This felt like a bunch of his earlier films smashed together, which forced him to simplify ideas he's covered elsewhere and made it difficult to tie all the various threads and storylines together. His takes on Putin, Syria and the US election were both especially shallow, and many of the connections he draws with his central thesis seem tenuous. For instance, Russia's military action in Syria isn't incomprehensible or a part of some elaborate psyop, a more independent Middle East is just more conducive to Russia ambition than one divided and under the thumb of America. It's odd that he misses this when early on he brings up Henry Kissinger's attempts to hamper any attempts to for the Arab world to coalesce into a coalition capable of disturbing the balance of power between the Americans and Soviets, exactly the balance of power Putin wants to offset. I wonder if this was an intentional omission to avoid portraying Putin in a "positive" light or just a honest oversight.
For all its flaws I still really enjoyed "HyerNormalisation", Adam Curt's aesthetic always does a good job of capturing 20th and 21th century's alienating atmosphere.
Taken purely as the work of an auteur (although it's a label I believe Curtis has rejected), the film was good. Aesthetic and certainly not boring at any point... In the end, I do agree with most of the critique here – his approach to the more "current" topics left a bit to be desired. Yet, I think he did end up with some substance on that note, just in a rather underhanded, subliminal way with the sequence in the final 5 minutes.
Finally finished it.
Curtis remains the most interesting documentary film-maker around; his choice of archive, editing and music is superb. His selection of subjects is eclectic and often insightful. But his insistence on telling a story rather than making an argument - and in particular his refusal to offer an alternative to what he criticises - mean that it's more thought-provoking than convincing. His tendency to pick a range of topics that interest him and then try to tie them together in one all encompassing story also remains a double-edged sword; when he finds missed or hidden connections it is fascinating but too often it feels tenuous and forced. But then again this is the point of Curtis - to provoke, not preach.
I always find it useful to keep in mind that his prejudices match his life story: a longing for the political certainties of his father's generation, nostalgia for the revolutions of his youth and criticism of subsequent changes (in particular the Reagan/Thatcher technocracy and fake individualism of the 1980s on).
Others have written good reviews so here are a few extra notes:
His romanticism lets him down - he really believes the journalist is a fearless truth-seeker and teller. No surprise - he came of age in the afterglow of "All the President's Men" - but it means he misses how journalism has changed over time. In particular, the journalists are now just as trapped as the readers in the new insular networks; one of the curiosities of Twitter is being able to see the networks of information journalists follow, which often show how little they expose themselves to contradictory views. Clickbait with its ability to measure the popularity of content also encourages the use of news as a product rather than as information; we're already seeing editors turning newspapers into semi-automated clickbait factories with junior (cheap) hacks as glorified Mechanical Turks who write stories based on PR releases and what the metrics say the audience wants.

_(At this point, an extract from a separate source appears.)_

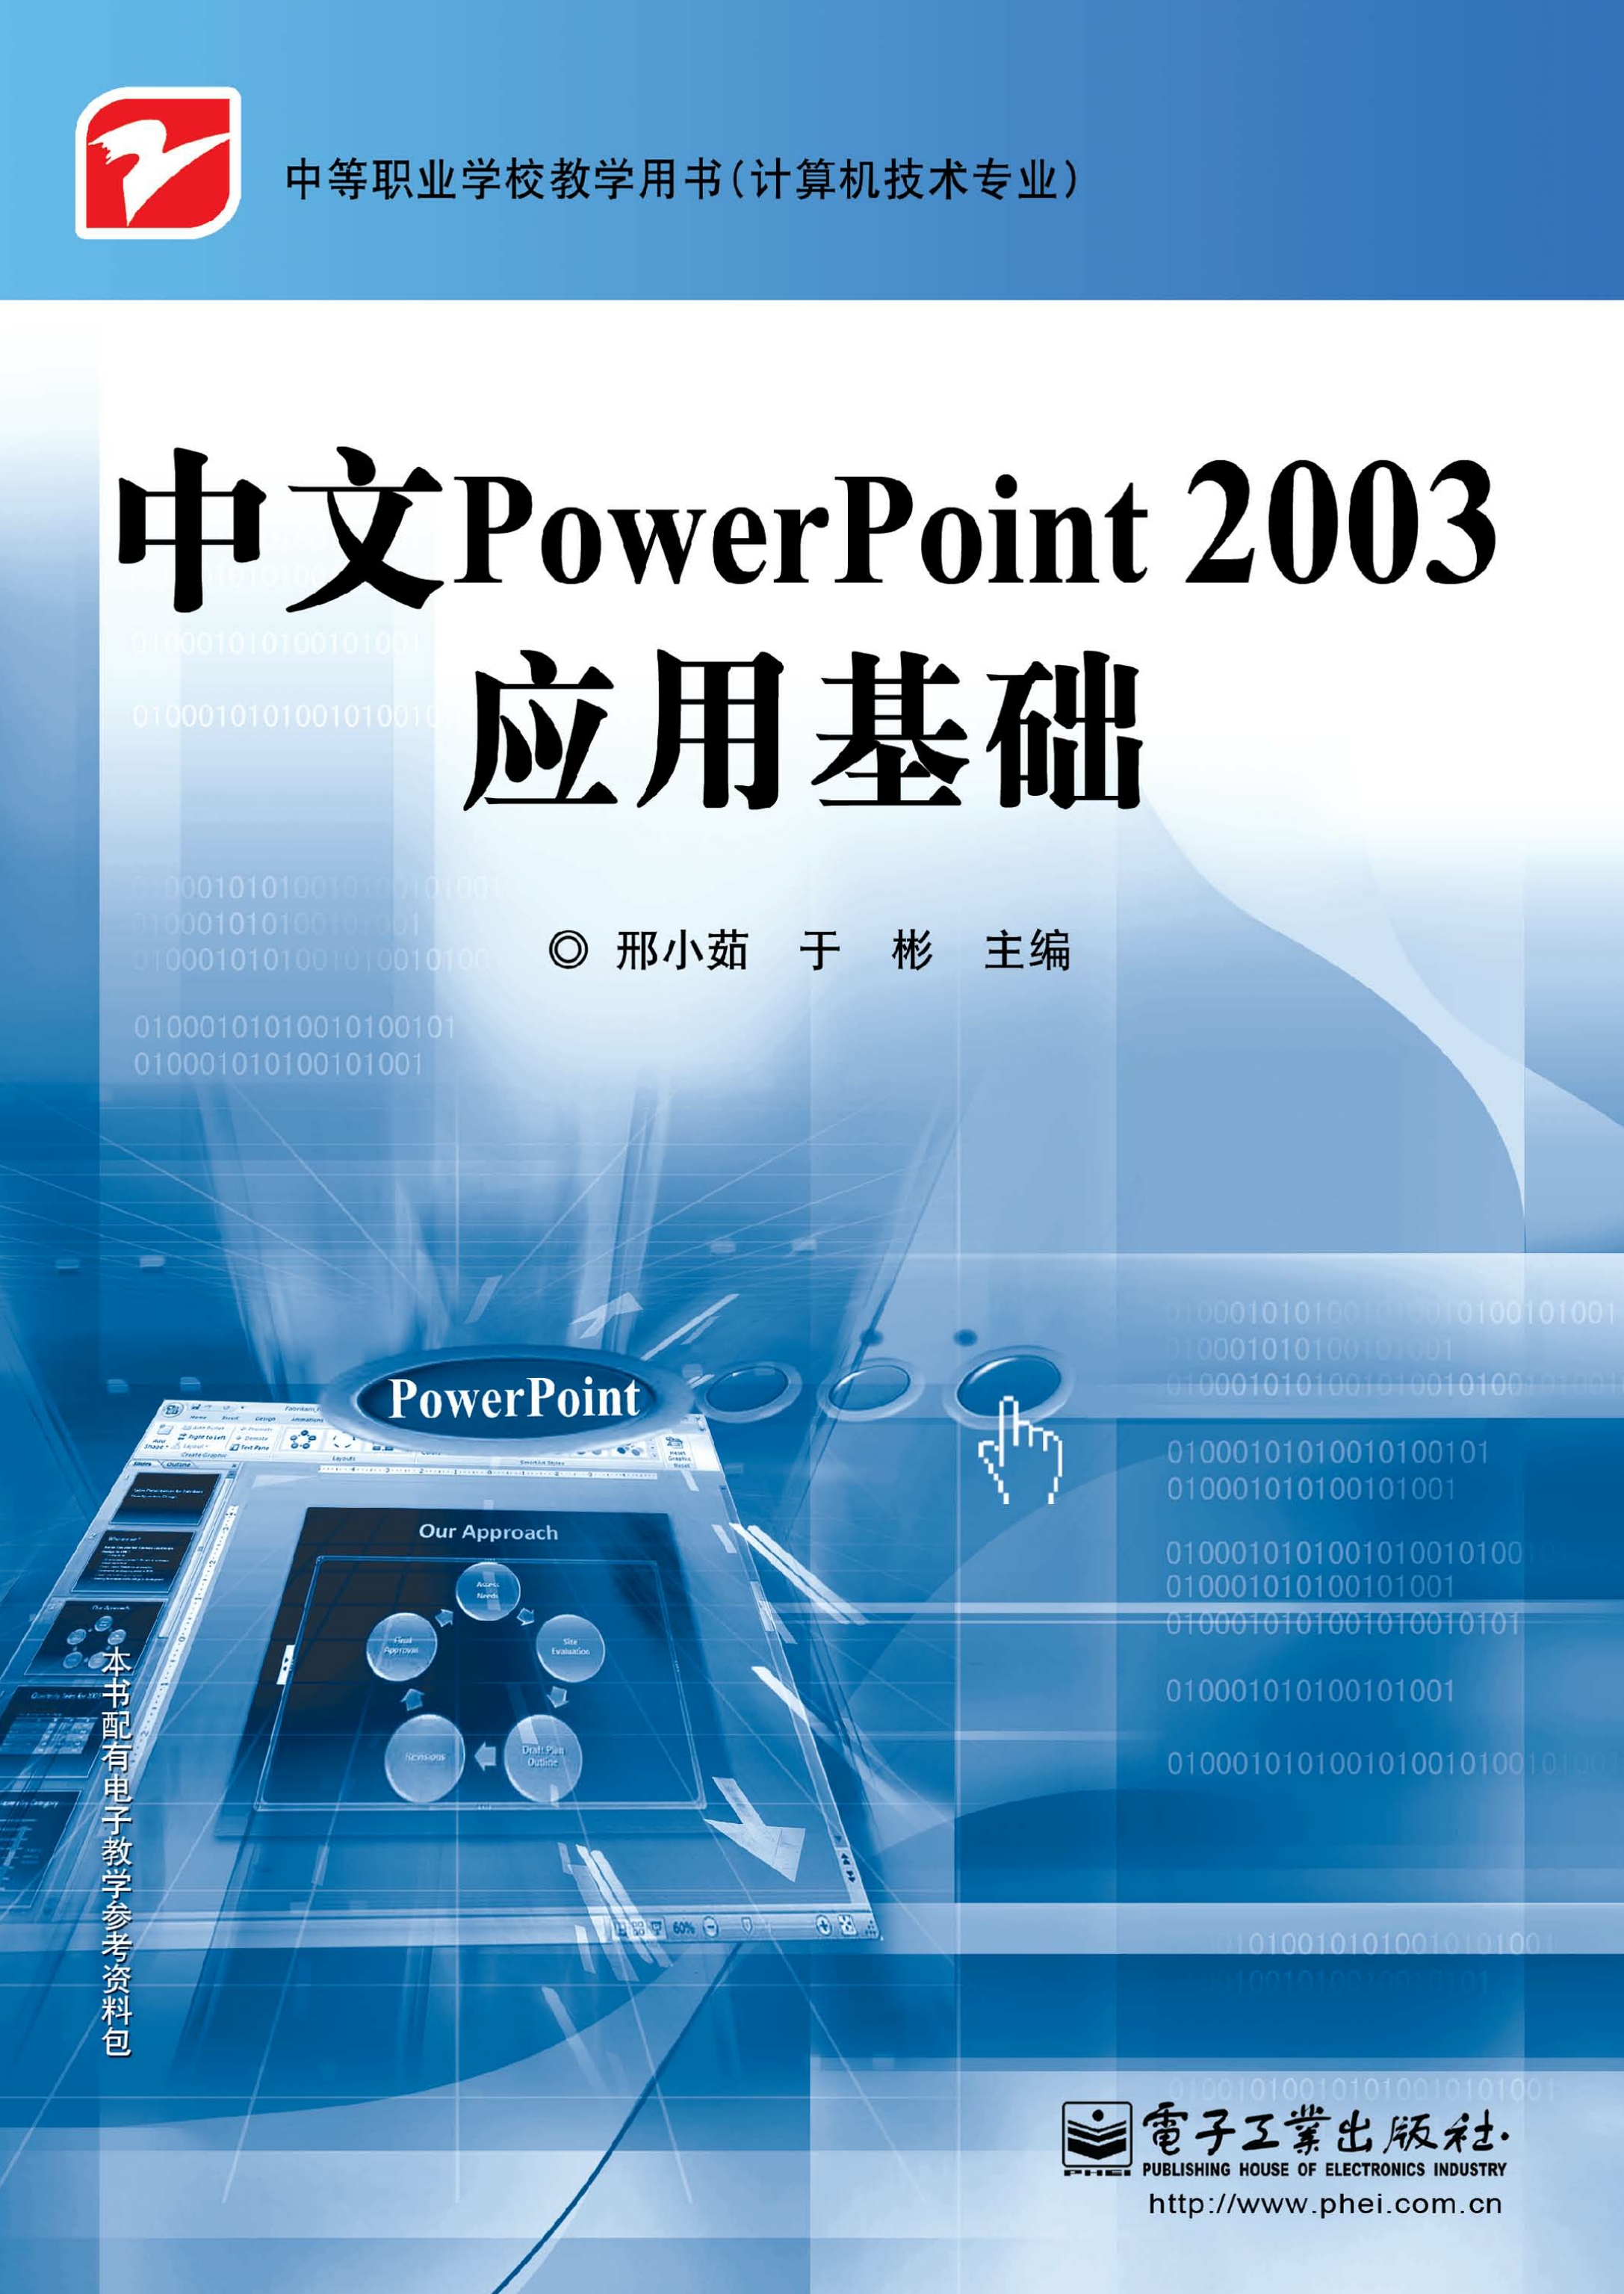 中文PowerPoint 2003应用基础

He can't process that Brexit and Putin are a counter-force to the nightmare he describes because they come from the right. It's true that Surkov has created "managed reality" for Putin - but Putin also ended the economic chaos, won victory in Chechnya and re-established Russia as a global power. These are just the sort of tangible political achievements Curtis claims to want. But most importantly Putin offers Russians the twin certainties of God and Nation (and means it). Contrast this to the managerial bugman philosophies of the Western technocrats and their shifting "current year" morality (Obama moves in less than a decade from opposing homosexual marriage to imposing it).

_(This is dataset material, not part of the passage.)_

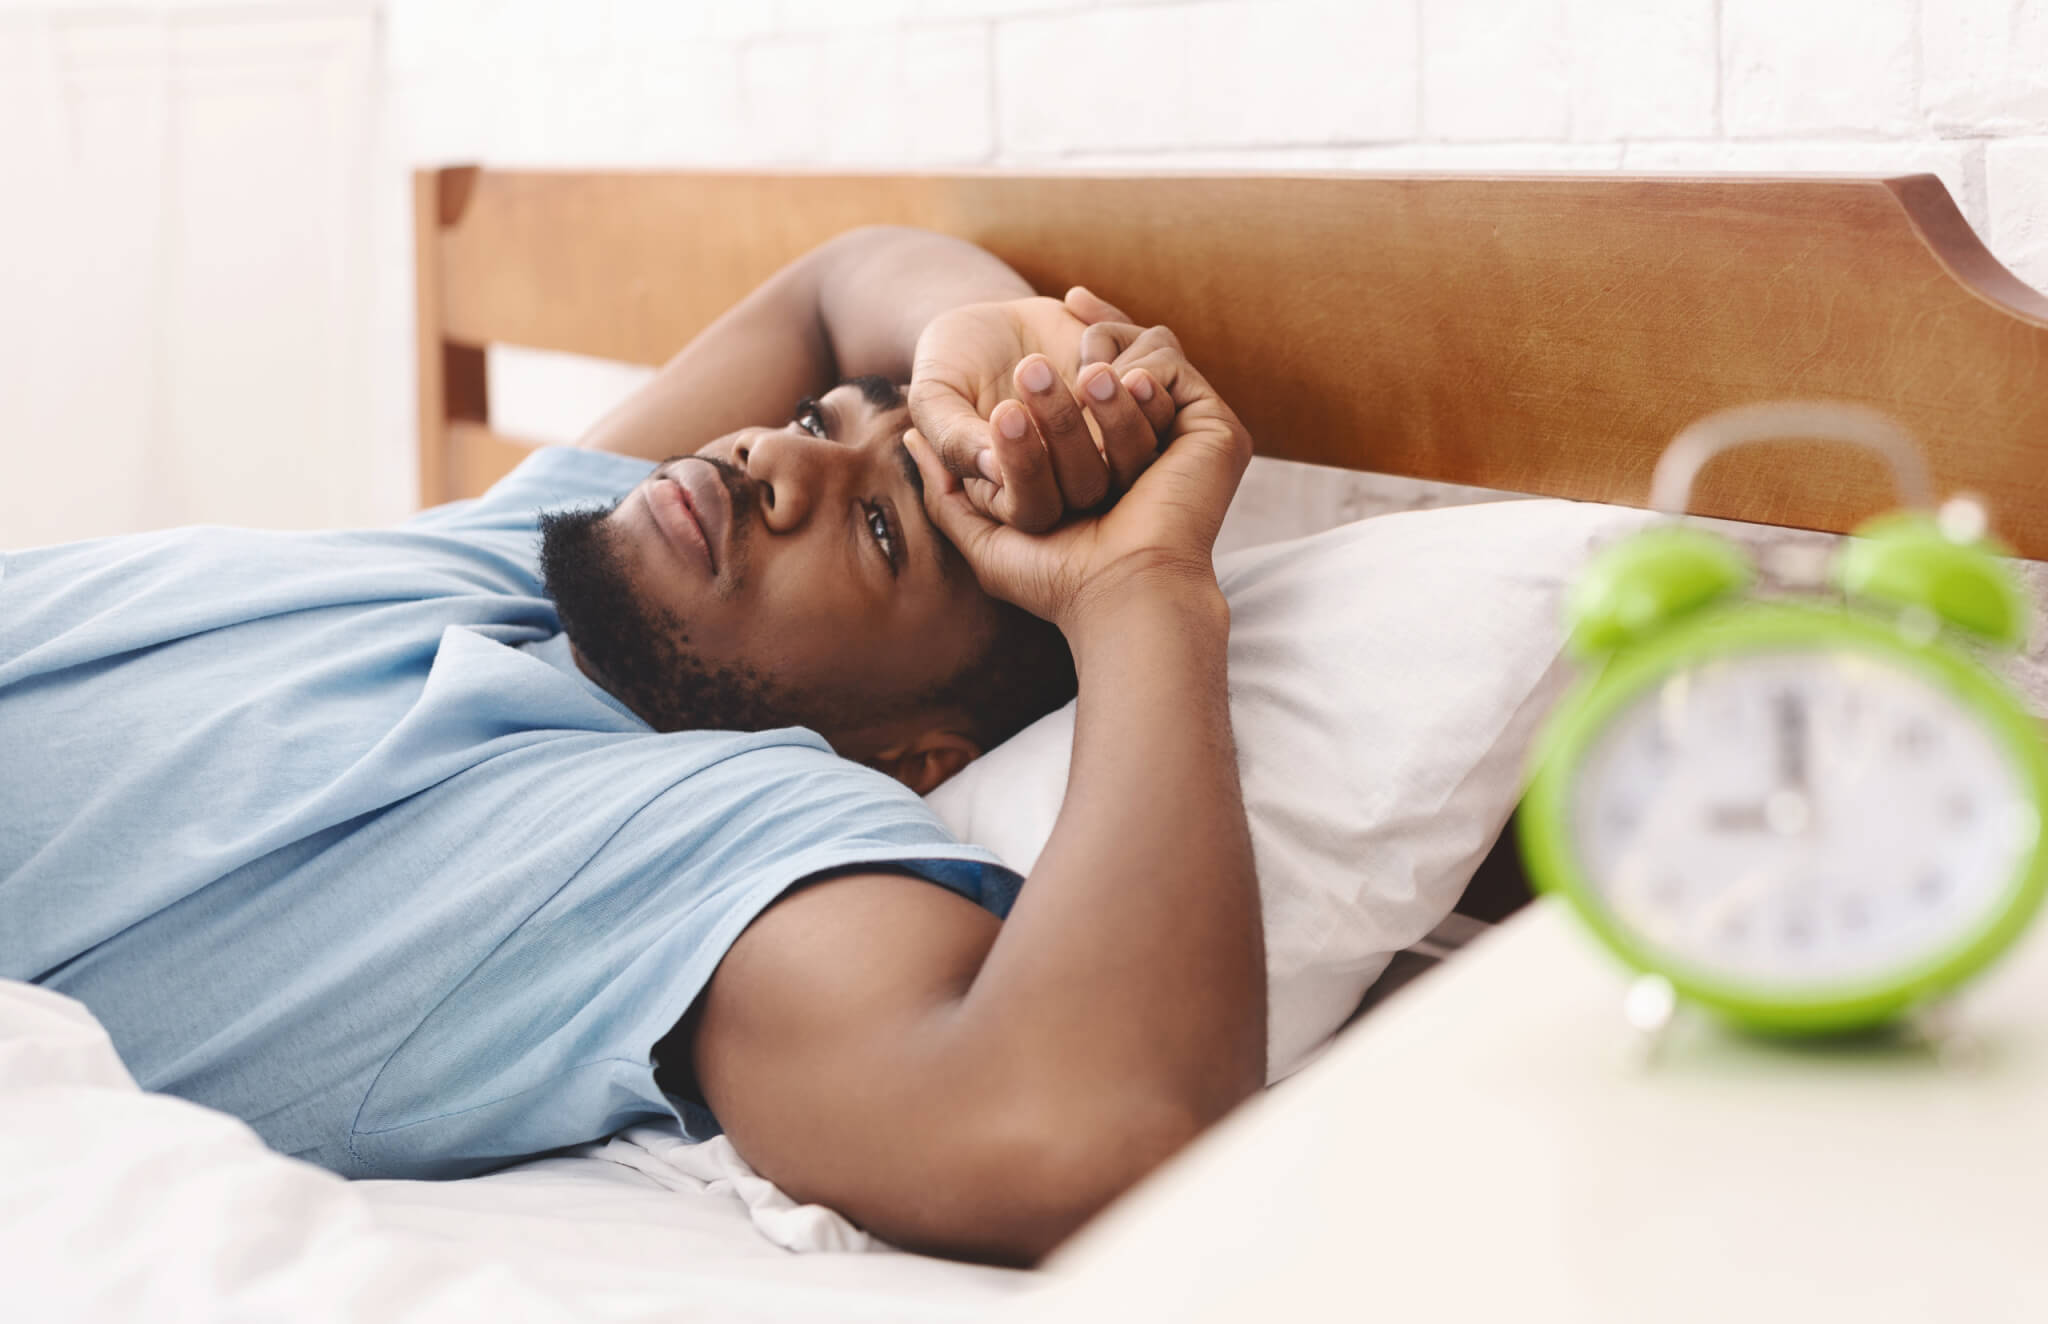 Man awake in bed, can't sleep from insomnia or sleep apnea

He (rightly) attacks the West for imposing its own simple ideological narrative on the Middle East - but then does precisely what he accuses others of in simplifying the complexity of MENA politics. To say that Hafez al-Assad was responsible for the spread of suicide bombing is a gross over-simplification. He's also pretty hypocritical in attacking the US for refusing to engage with Machiavellian MENA politics, then criticising them for doing just that when they cut a deal with Libya to pose as the bad guys so they can get Syria as an ally for Gulf War I. Sure it's lies - but it's also realistic. This should have been a lot more interesting because the current Syrian Civil War is a prime example of managed reality and overlaid narratives - after all, this is a conflict in which one side is a nominally secular national-socialist regime, reliant on Twelver fanatics, immigrant mercenaries, drug-dealing terrorists and realist Orthodox nationalists. What fun he could have with the 2011 Sednaya prison releases or Abu Qa'qa.
In this I think he only scratches the surface of the promised Baudrillardian philosophy. I look forward to his next documentary.